YOUR INSTRUCTIONS:
Send back the data below exactly. Drop every picture.

MATERIAL PROVIDED:
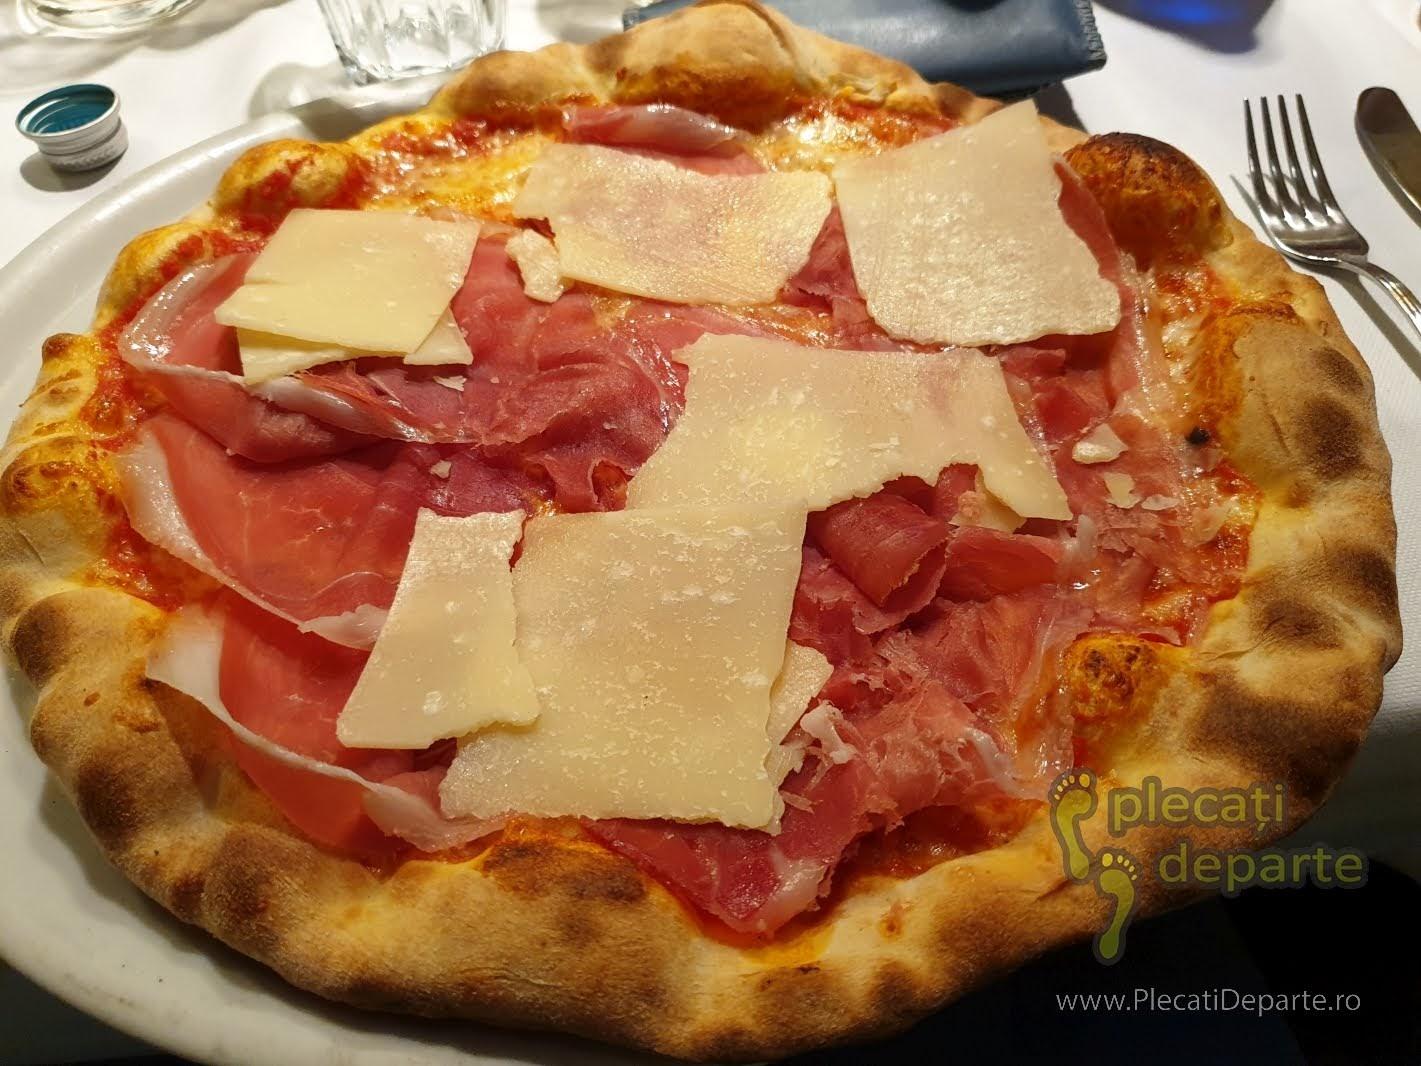 Pizza cu prosciuto si parmezan in Parma. parmigiano reggiano. Prosciuto și parmezanul sunt principalele ingrediente care se folosesc la pizza si in alte mancaruri traditionale italiene. bologna parma lugo obiective turistice mancaruri traditionale italia
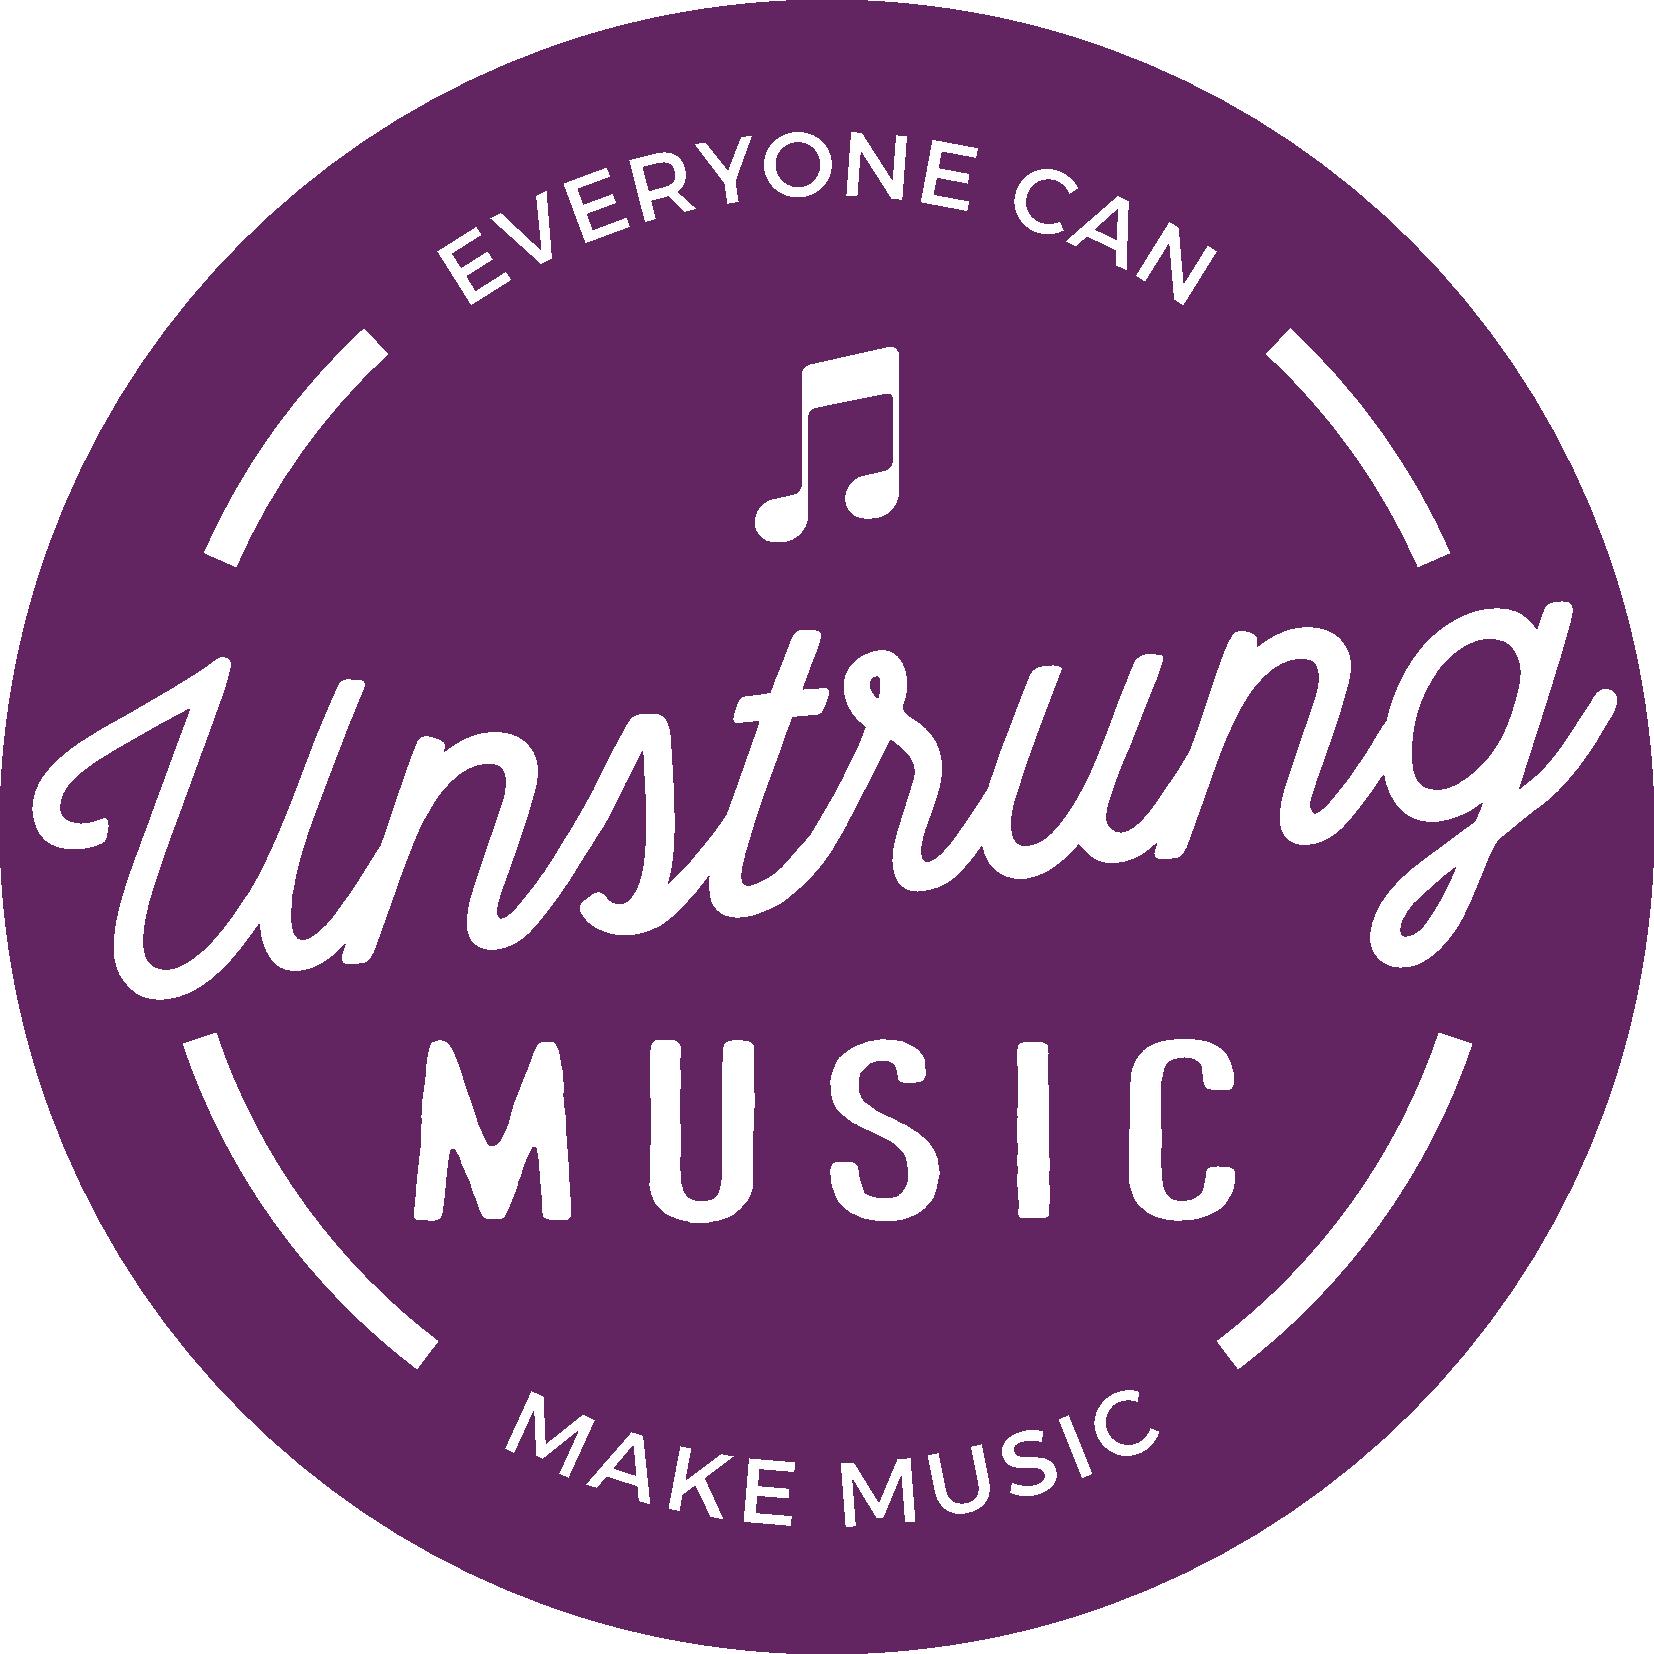 Unstrung Music
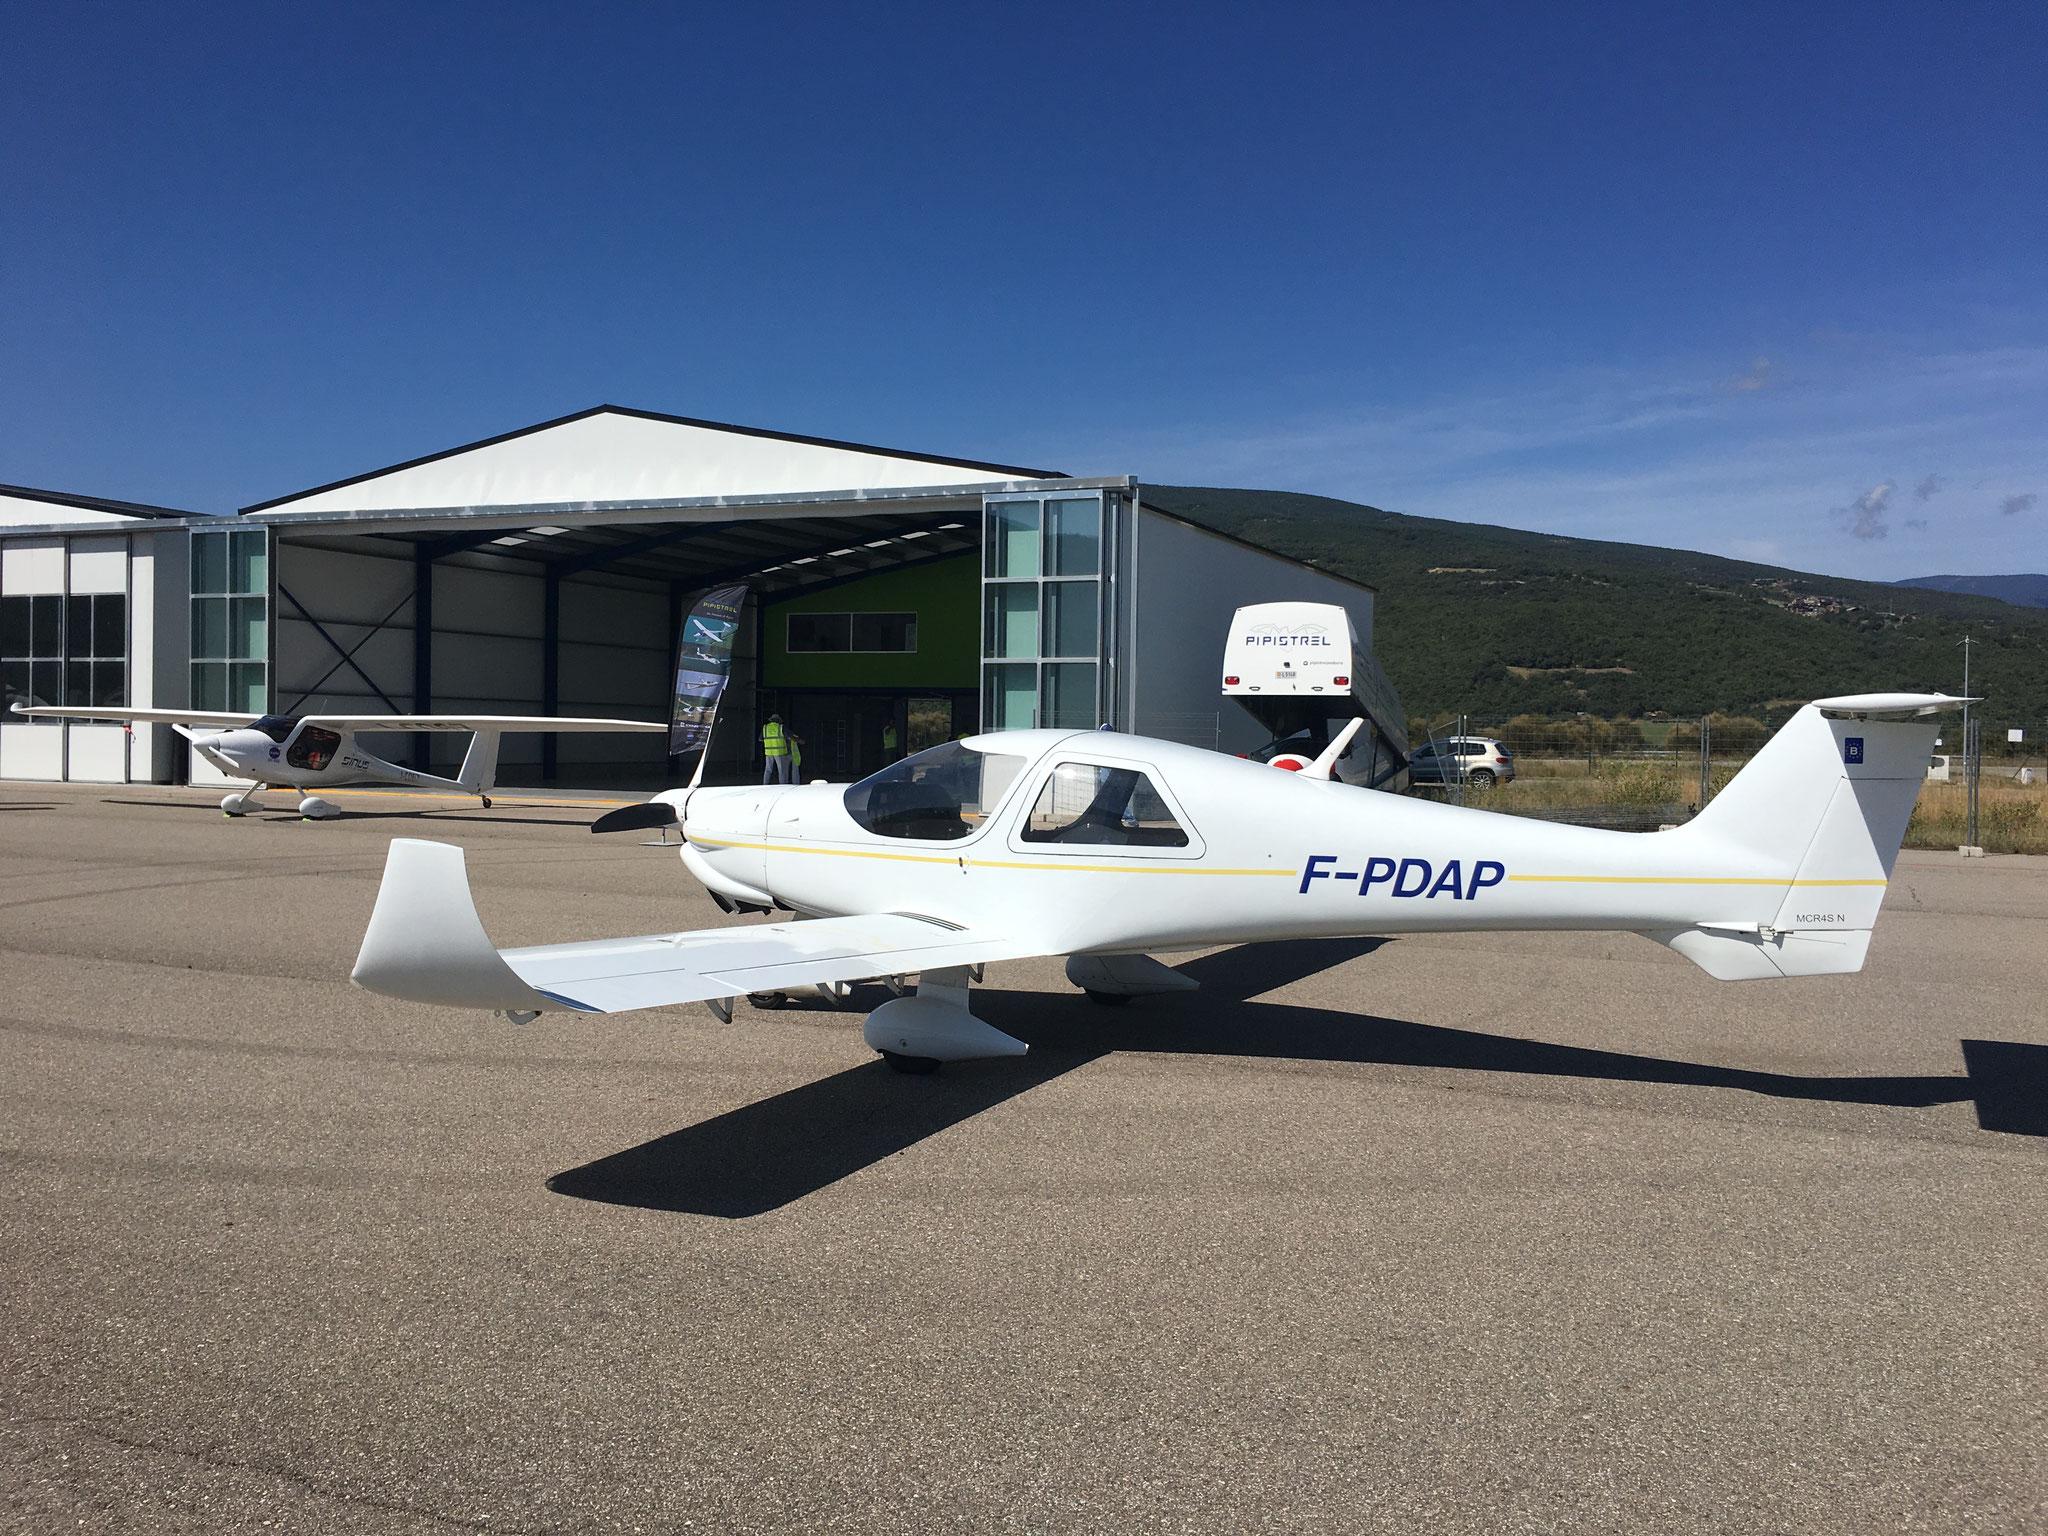 Au parking devant le hangar de Beate et Michael
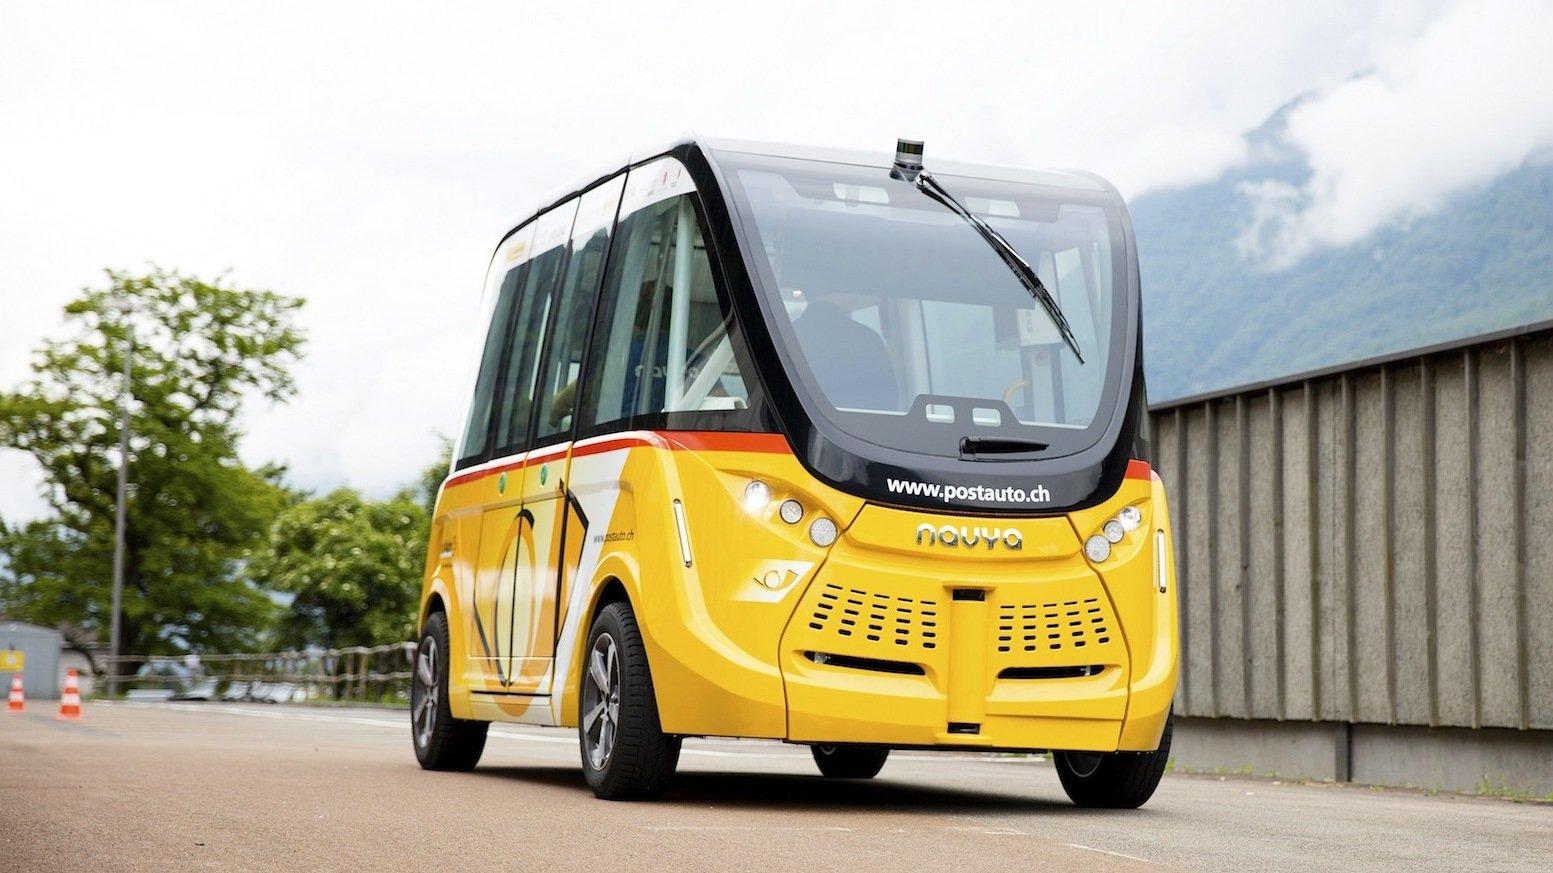 Der autonome Bus des französischen Herstellers Navya düst mit 20 km/h ohne Fahrer durch Sitten. Das ist einmalig in Europa.

ANSWER BELOW:
 Pizza cu prosciuto si parmezan in Parma. parmigiano reggiano. Prosciuto și parmezanul sunt principalele ingrediente care se folosesc la pizza si in alte mancaruri traditionale italiene. bologna parma lugo obiective turistice mancaruri traditionale italia
 Unstrung Music
 Au parking devant le hangar de Beate et Michael
 Der autonome Bus des französischen Herstellers Navya düst mit 20 km/h ohne Fahrer durch Sitten. Das ist einmalig in Europa.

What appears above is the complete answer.